Few deals are expected to result from Friday's summit, the third between the U.S. and Indian leaders in four years, especially at a time when concessions are difficult because of India's upcoming general election. Singh turned 81 on Thursday, and this is likely to be his last official meeting with Obama, said Vinod Kumar, an analyst with New Delhi's Institute for Defense Studies and Analyses.

That said, the two sides appear keen to show at least modest progress, with an agreement expected between Nuclear Power Corp. of India and Westinghouse Electric Corp. to build reactors in India's northwestern Gujarat state.

The U.S. will be looking for reassurance that India is tackling its economic woes. In recent months, India's currency has depreciated, and the country has seen worsening fiscal and current account deficits, volatile markets, more capital controls and greater protectionism.

Though many developing countries have faced problems as international capital has gravitated toward the relatively robust U.S. market, India's problems are made worse by political infighting, policy drift and massive corruption scandals, all of which have helped undermine consumer and investor confidence.

U.S. companies in particular are unhappy with requirements that a significant portion of their exports to India include content made by local companies. Also bothersome, they say, are uncertainty over taxation and restrictions on foreign companies investing in the Indian pension and insurance sectors.

"There is very little the prime minister can do personally to change any of this," said Milan Vaishnav, an analyst with Washington's Carnegie Endowment for International Peace. "But they at least want some reassurance that the government hears their concerns and is willing to take some remedial steps to address them."

India, meanwhile, will probably be looking for assurance that it remains a central part of the U.S. strategic pivot toward the Asia-Pacific region. It will also look for better terms under America's H-1B visa program for foreign high-tech workers coming to or already in the United States. And, as the world's largest weapons importer, India seeks more joint design, development and production in defense projects.
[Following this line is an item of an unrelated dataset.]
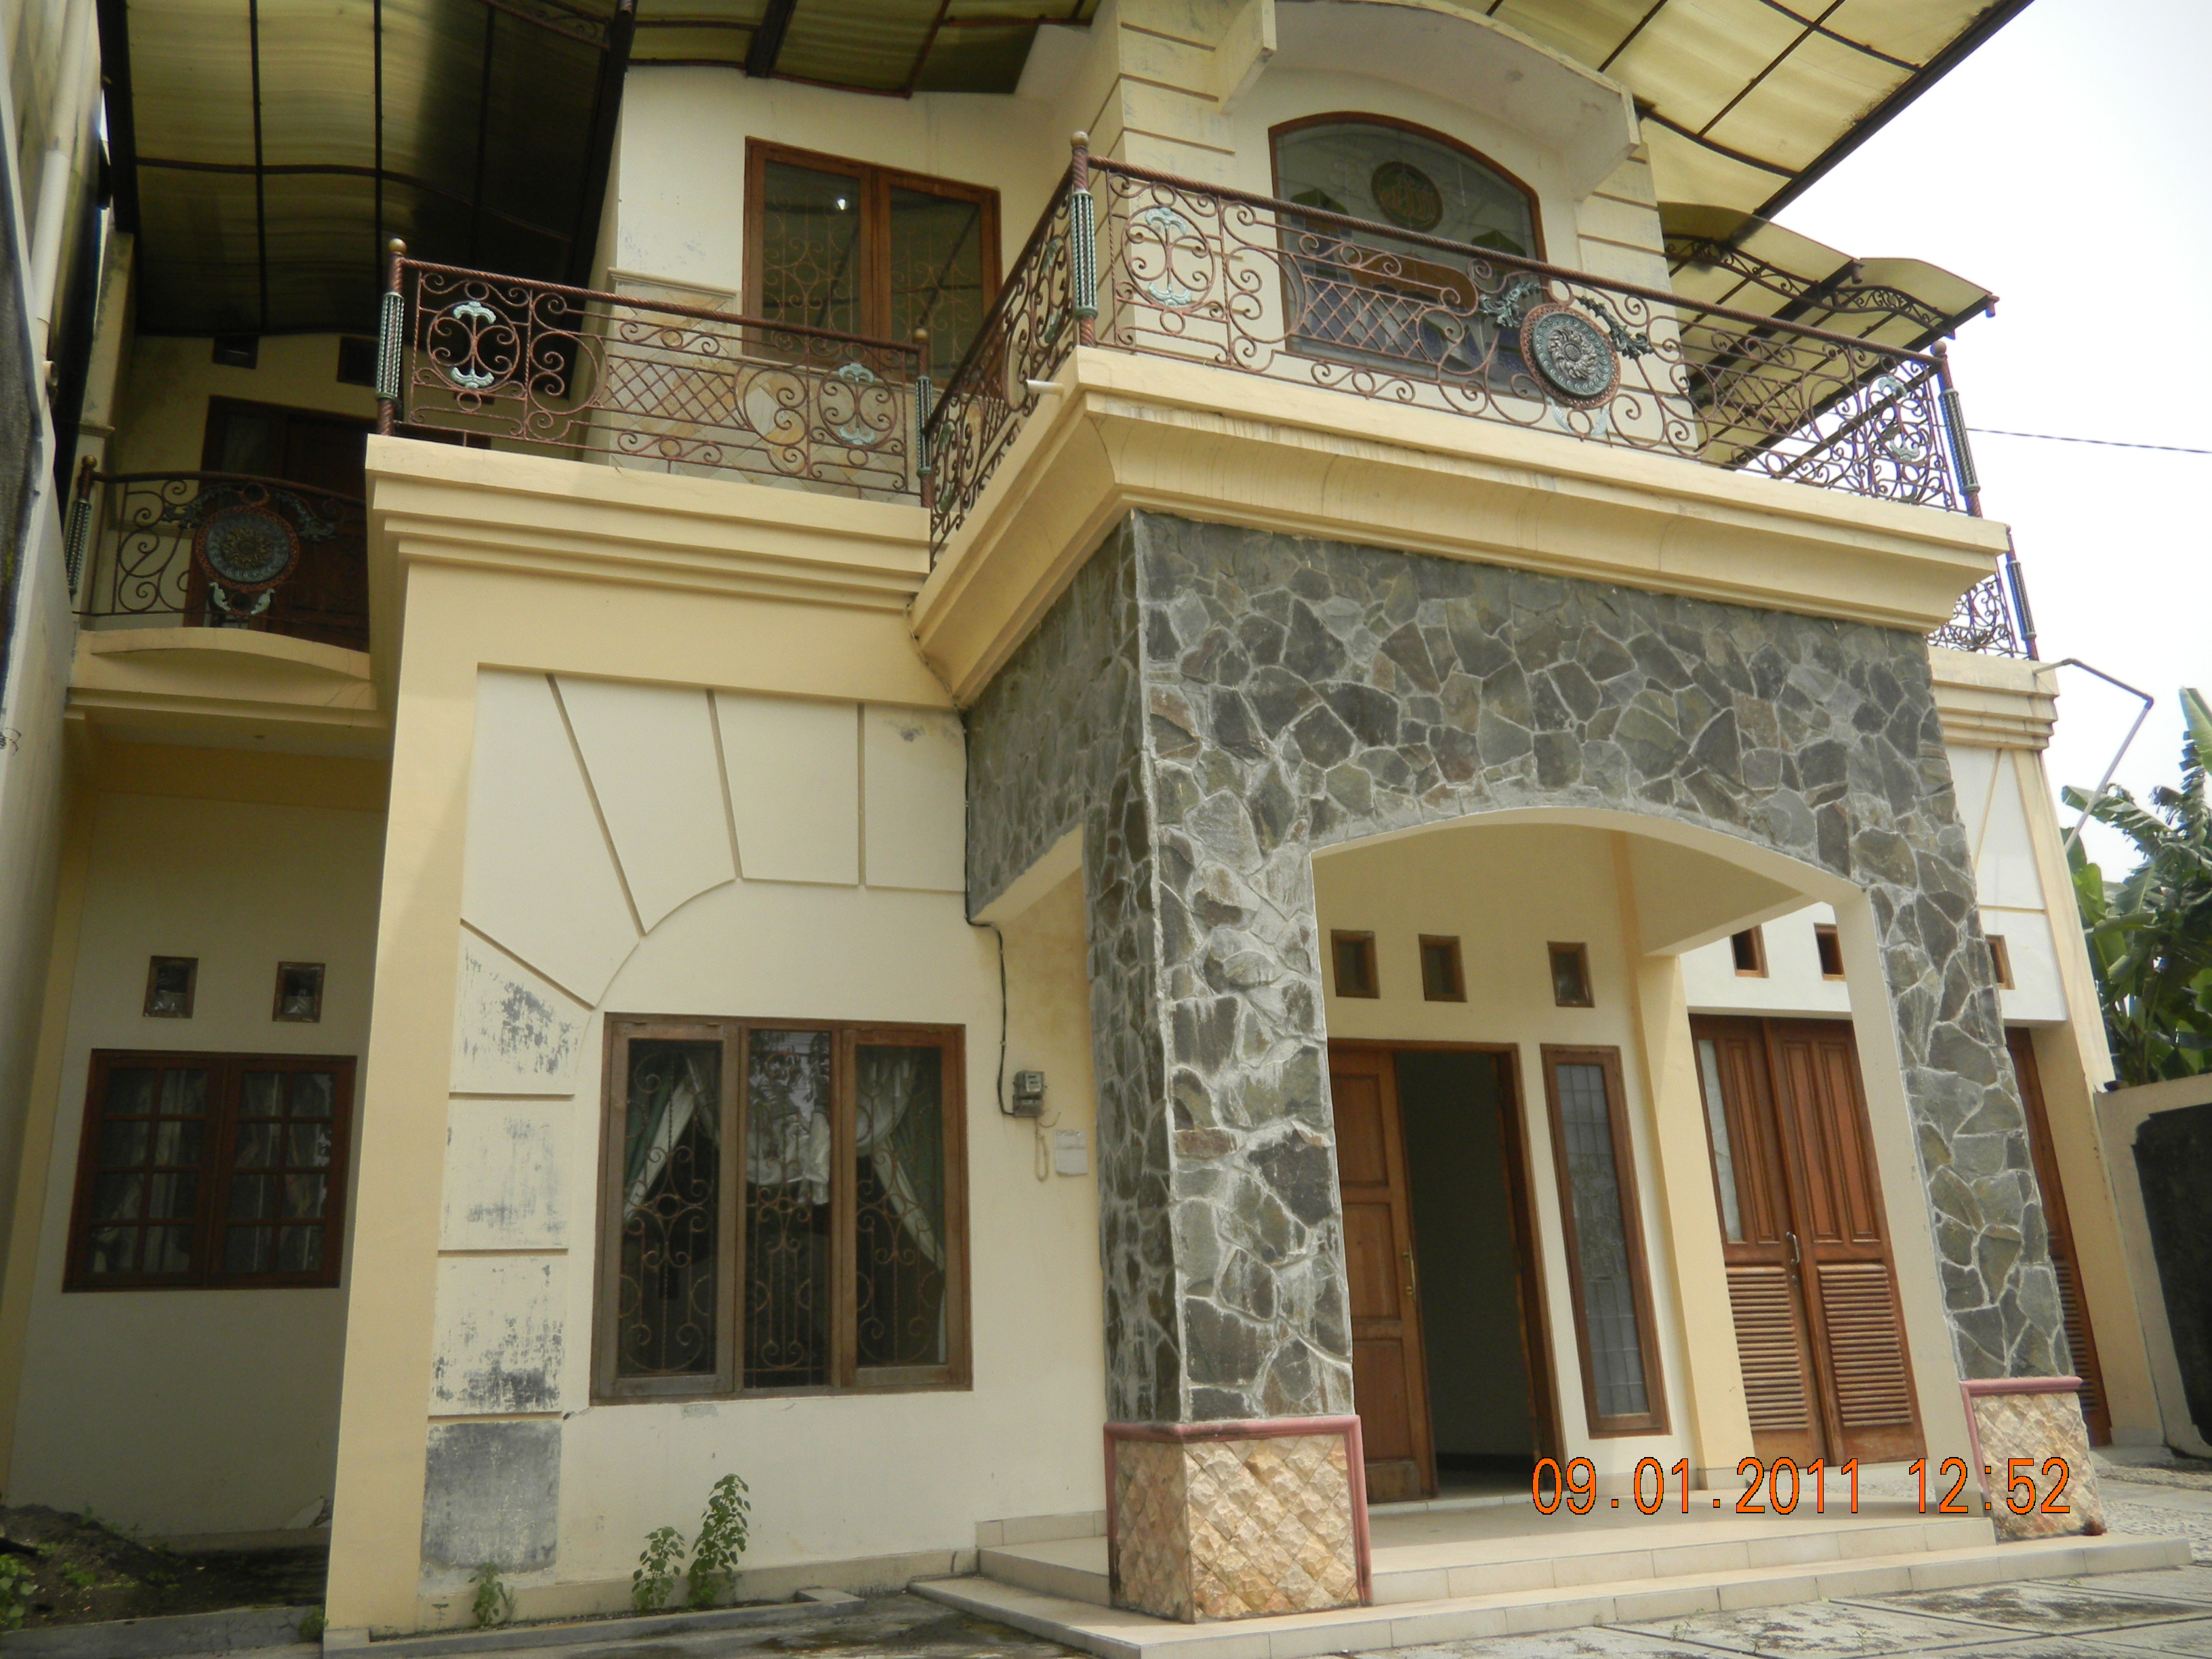 Disewakan Rumah 2 lantai di Wojo Yogyakarta Jual

Some in Washington wonder whether New Delhi actually wants significantly closer ties with the U.S. right now, even as India's allure as a rising power diminishes.

"All of this, combined with general elections around the corner, mean that American expectations are low," said Dhruva Jaishankar, a fellow with the German Marshall Fund of the United States in Washington. "The perception of economic turnaround would, however, change a lot."
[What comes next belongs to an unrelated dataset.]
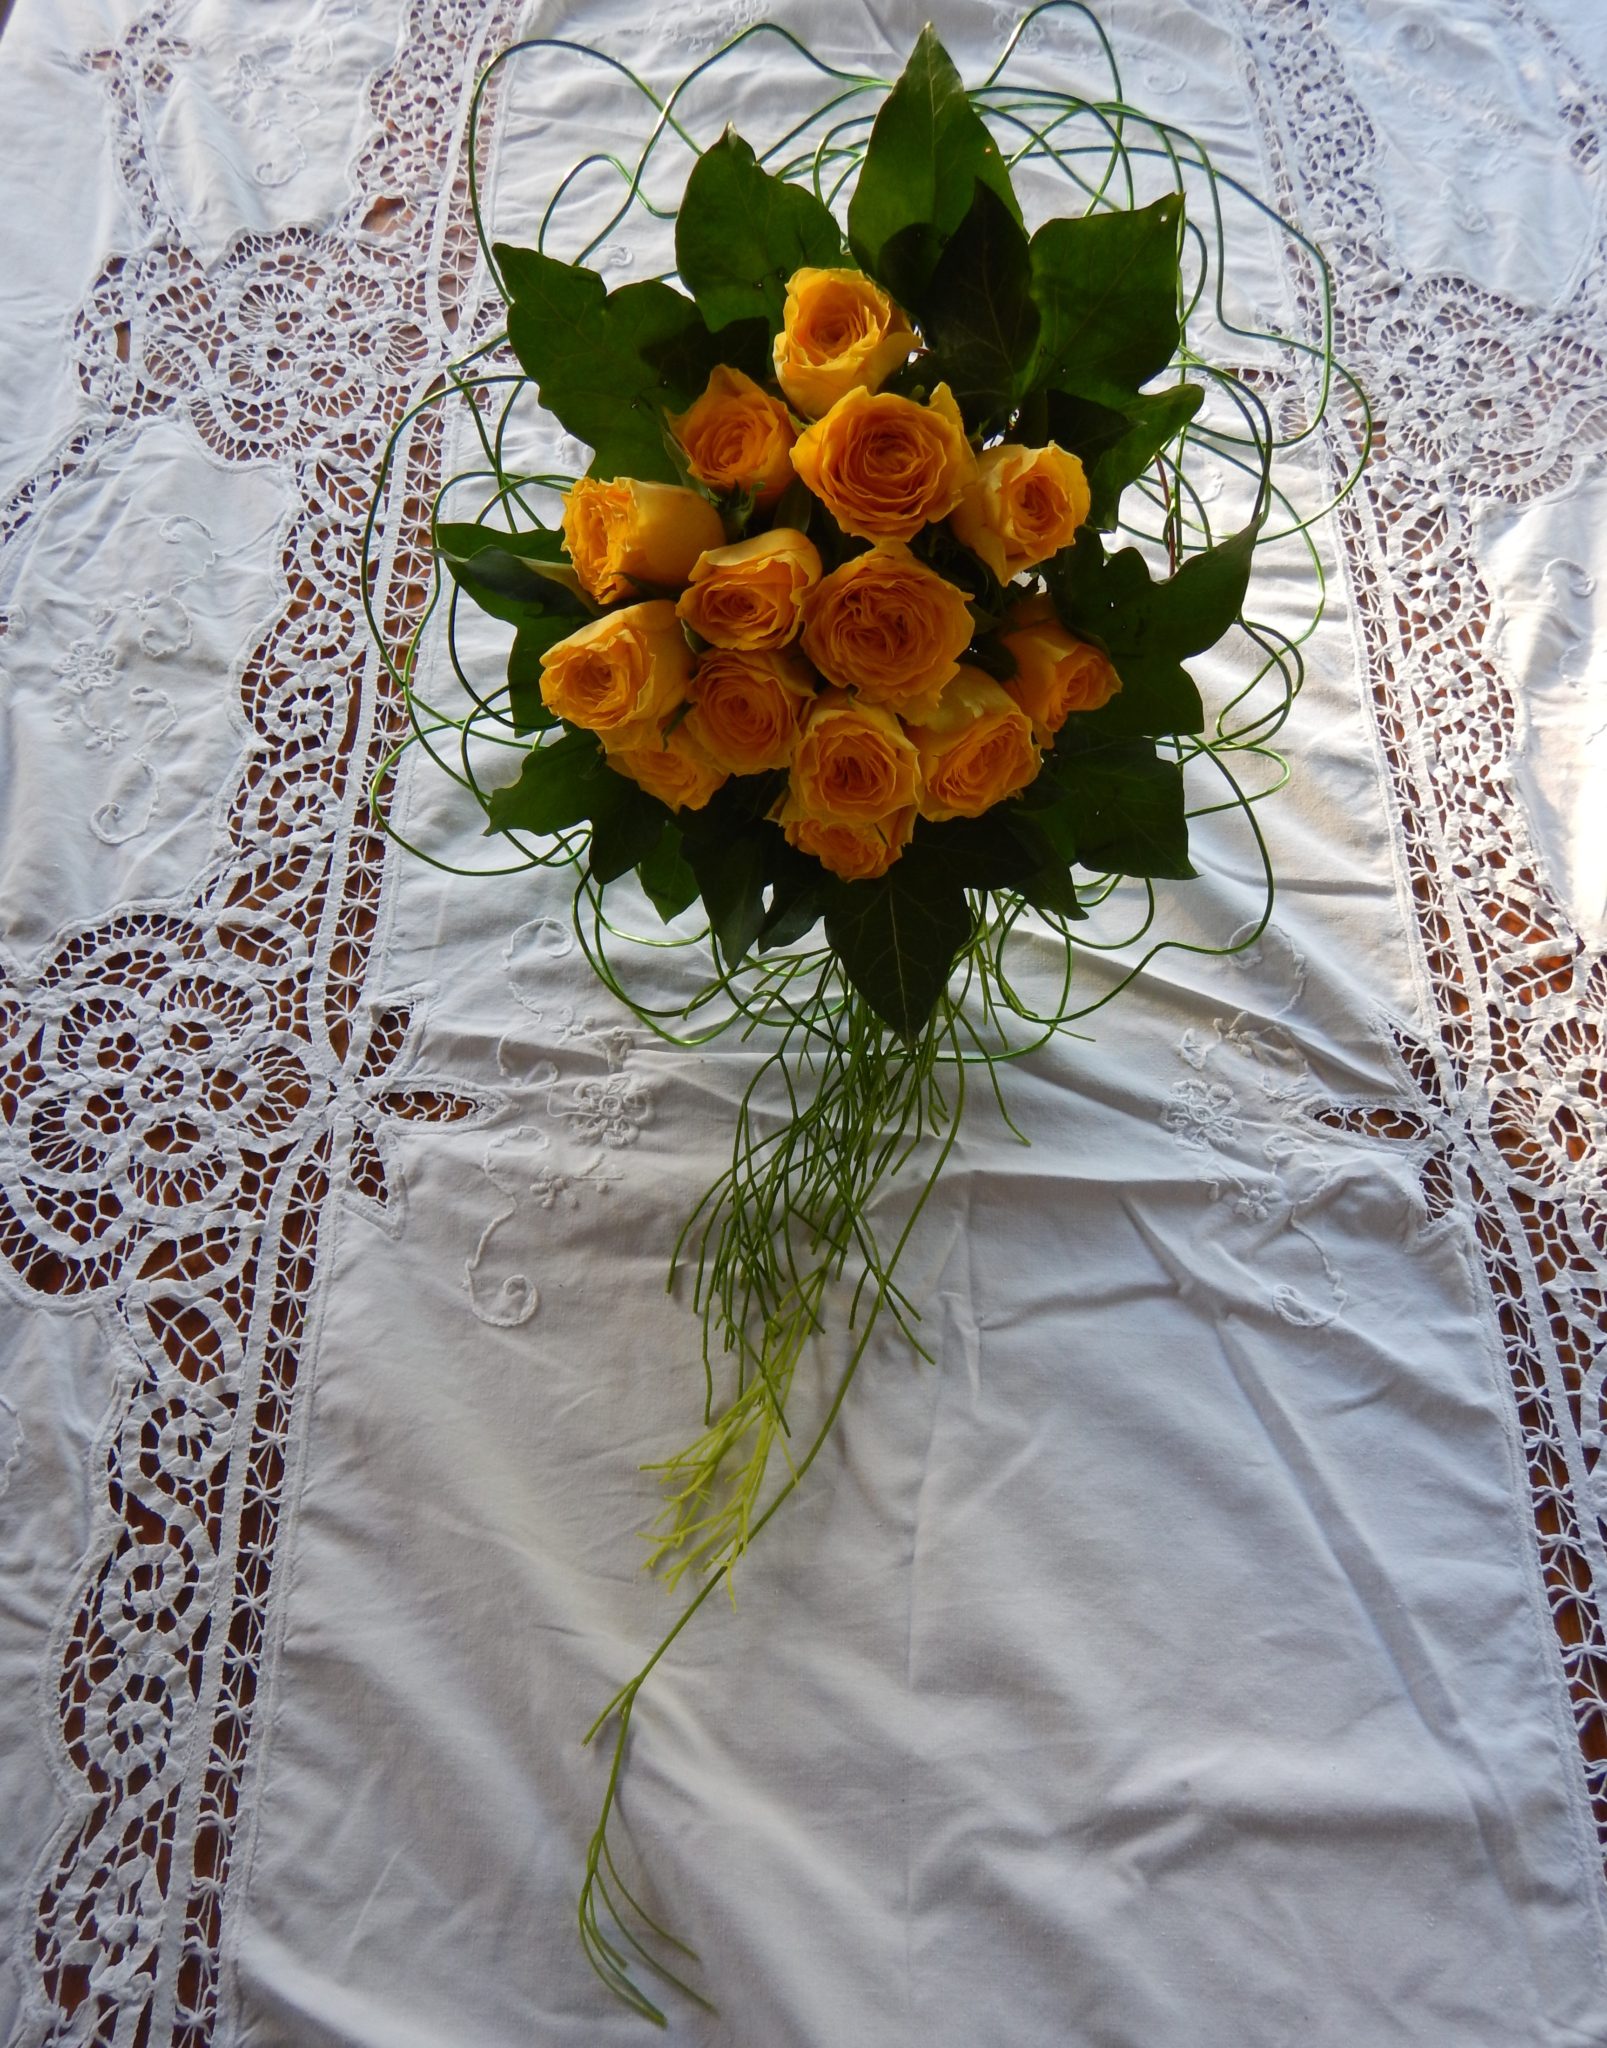 Diana Holman - Bere Regis Floral Group

Both sides are also likely to discuss India's neighbor Afghanistan, where U.S.-led NATO combat troops are preparing to withdraw by the end of 2014 amid concern that a resurgent Taliban could further destabilize the region.

Obama and Singh are also expected to discuss a proposed bilateral investment treaty. U.S. companies welcomed a recent Indian concession allowing commercial disputes to be settled by international arbitration rather than through India's often creaky courts, but they still view economic reforms as too slow. India counters that it's moving at its own pace, and cites recently eased restrictions on foreign retailers.

Liability issues remain a major sticking point with the cornerstone civil nuclear deal, which allowed India to acquire nuclear fuel for civilian use from suppliers around the globe. Under a 2010 Indian law, foreign suppliers assume nearly unlimited liability for accidents.

Fresh in Indians' minds is the 1984 Bhopal gas tragedy, which killed from 2,200 to more than 8,000 people, and the perception that U.S.-based chemical firm Union Carbide shirked its responsibilities. U.S. companies counter that open-ended liability is unworkable and out of step with international norms.

Special correspondent Sharma reported from New Delhi and Times staff writer Magnier from Islamabad, Pakistan.